Нет, Пушкин, пожалуй бы, не перевернулся: он и сам жил в долгах, как в шелках. И делал их с громадной, птичьей ловкостью многодетного семьянина. Самую антимонархическую книгу — «Историю Пугачева» — исхитрился издать практически на монаршьи заемные деньги. Иное дело Лермонтов. У этого мальчика земных долгов не было — только небесные, в уплату которых пошла и сама его жизнь. Все остальное, бренное в его существовании взяла на себя, как известно, его бабушка, Елизавета Алексеевна. Жар, с которым несла она одинокое свое родительство, тоже позволяет думать о некоем страстном послушании, о восполнении чьих-то, чужих или родовых, долгов, первоначального исходного объема любви, недоданного в свое время этому навсегда печальному, отверженному отроку: не зря в тарханском доме с Мишеля рисовали не только портреты, но и иконы тоже.

Счастливо опустошаясь, мы вливаем в женщину крайний глоток любви; она же, оплодотворяя, одухотворяя и в чем-то преображая его, потом равномерно выдыхает, нежно пеленает им, как благодатным первоцветом, на протяжении всего судьбой отмеренного ей срока сопредельного проживания на белом свете эту совместно воспроизведенную жизнь.

А тут — живительное дыхание пресеклось едва ли не на первом вздохе…

Нет, пожалуй, в России второго такого поэта, кроме Лермонтова, так часто заглядывавшегося на небо — еще и потому, наверное, что под ногами у него всегда было твердо и сухо. Первым лучшим романом на русском языке назвал «Героя нашего времени» Фаддей Булгарин. Том этот «для рецензирования» послала ему Елизавета Алексеевна, сопроводя посылочку… пятистами рублями ассигнациями.

Если правда, что выстрел грянул одновременно с грозой, то убил его не Мартынов: просто небо взяло свое…

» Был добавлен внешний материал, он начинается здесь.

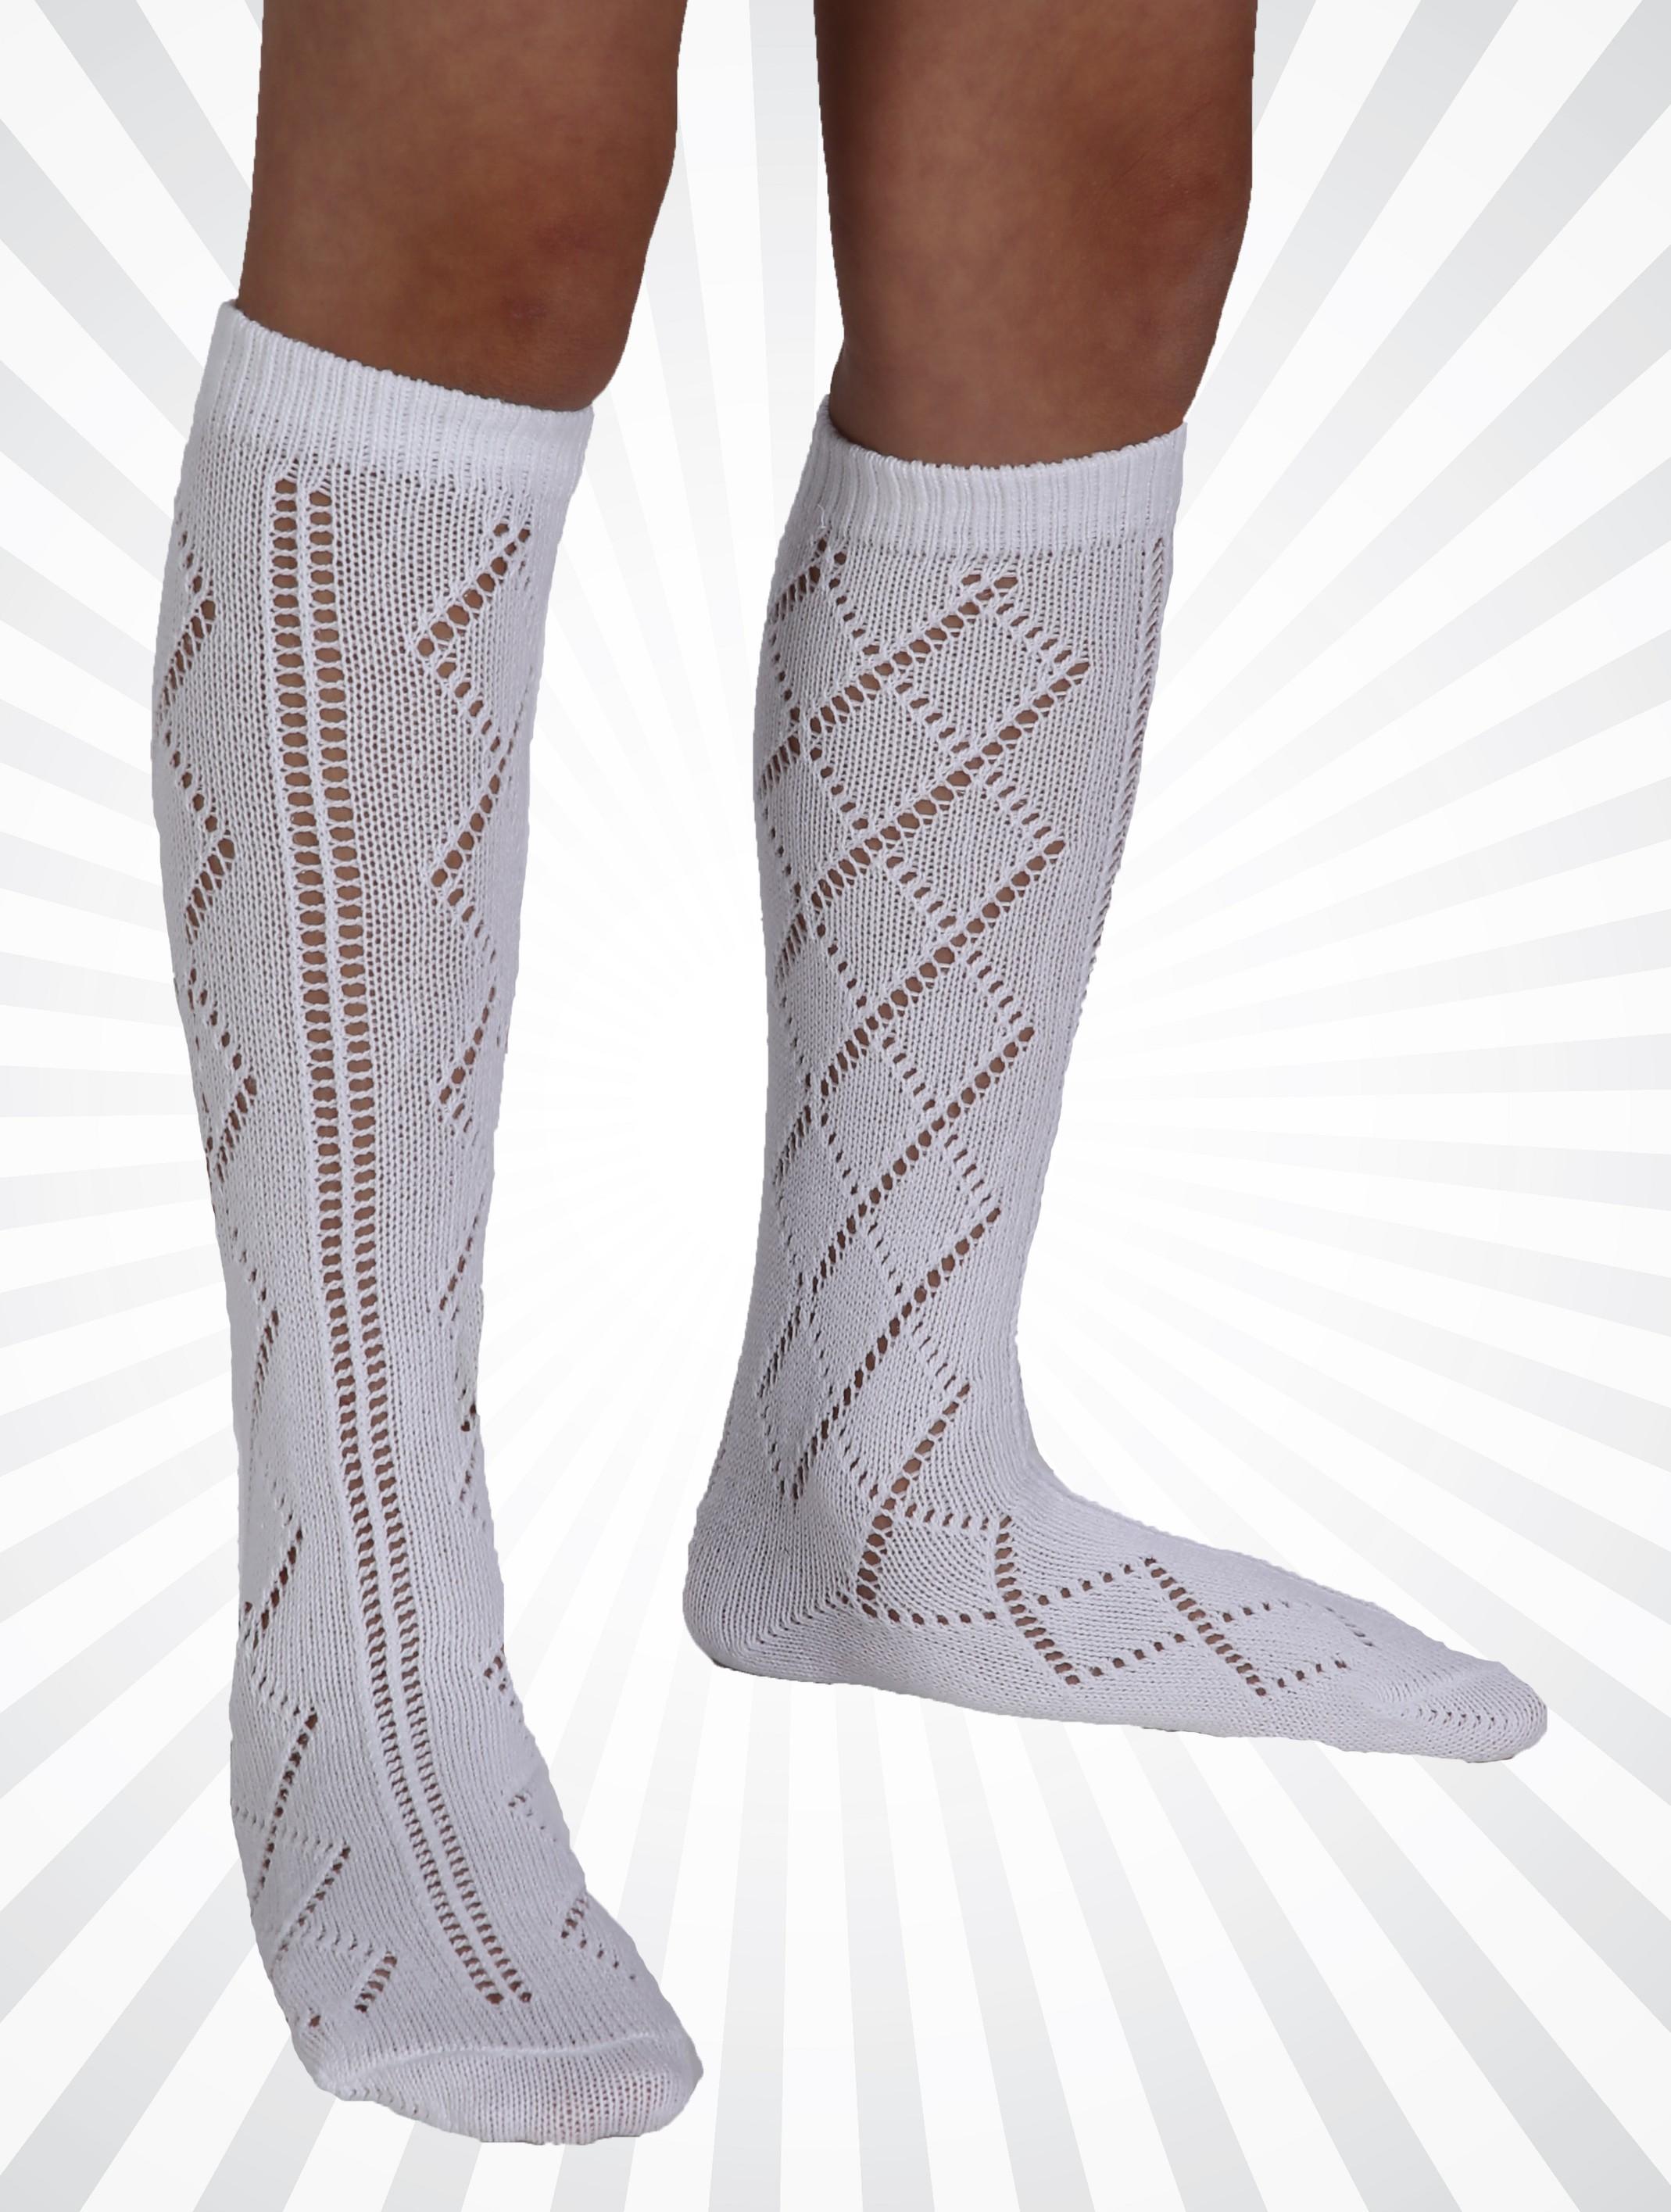 ab42ed2fc Pelerine Knee High Socks - Per 12 - Innovation Schoolwear

Муса импонирует Сергею, который убежден: с этим народом надо мириться, искать то, что их соединяет, а не отталкивает, не накапливать ненависть, которой и так сейчас — и помимо чеченцев — предостаточно: не страна, а пороховой погреб и едва ли не каждый ее обитатель — ходячий тлеющий фитиль. Однажды по телевидению Сергей увидел, как по жестокой грязи, подцепив тросами к танку, волокут тела убитых чеченцев, «боевиков». И внутренне ахнул: такое не простится никогда! — он знает этих людей, этот народ, жил с ними бок о бок и в Ногайской степи, и в интернате, где их особенно много появилось после Дагестанского землетрясения 1962 года (все войны и землетрясения начинаются грозным ревом, подземным грохотом, а завершаются детским, сиротским плачем), и в армии. Не простят! Может быть, действительно нельзя было извлечь из траншей и расселин трупы иначе, «вручную» и доставить их к месту захоронения. Вполне вероятно, что и зла, русской крови на этой банде немерено, что допекла она, достала, что делалось это не для камеры, а в горячке боя — и все же. Не простят. И дети будут помнить, и внуки, и правнуки.

Не снимали б тогда, что ли. А если снимали, чтоб запугать, застращать живых, то это еще более опасная глупость: не на тех напали.

И все-таки самое страшное не это. Жестокость, бесчеловечность вползает в нашу повседневность. Зарождаясь с отношения к врагу, самооправдываясь, перекидывается, как болезнь, и на все вокруг и внутрь каждого из нас. Зачастую уже и не осознаваемая таковой.